→ **Aim of the exercise**
Your answer must restate the listing below word for word and contain no images.

→ **Information provided**
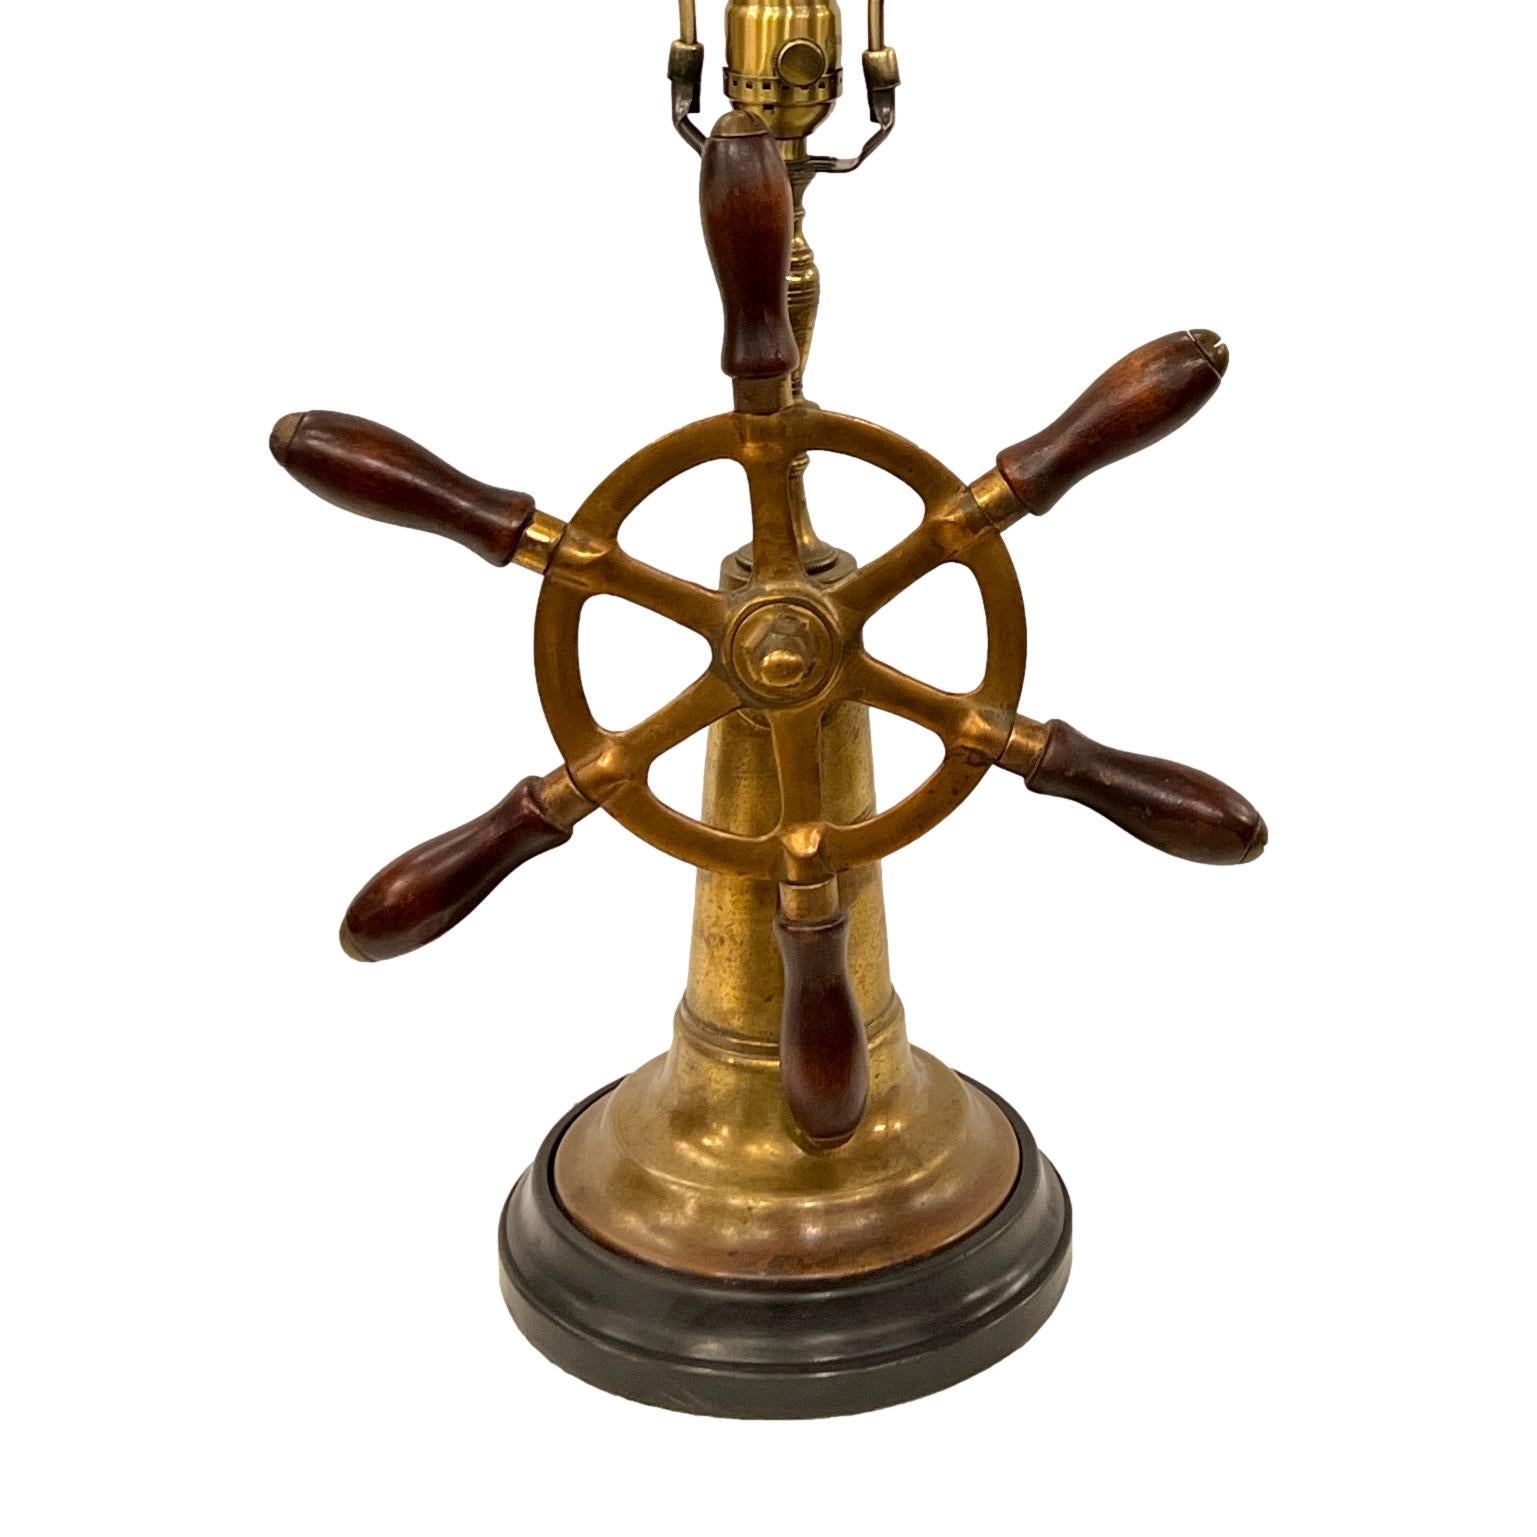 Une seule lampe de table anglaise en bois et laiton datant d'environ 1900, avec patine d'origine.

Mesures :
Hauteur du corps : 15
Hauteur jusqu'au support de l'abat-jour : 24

→ **Your solution**
 Une seule lampe de table anglaise en bois et laiton datant d'environ 1900, avec patine d'origine.

Mesures :
Hauteur du corps : 15
Hauteur jusqu'au support de l'abat-jour : 24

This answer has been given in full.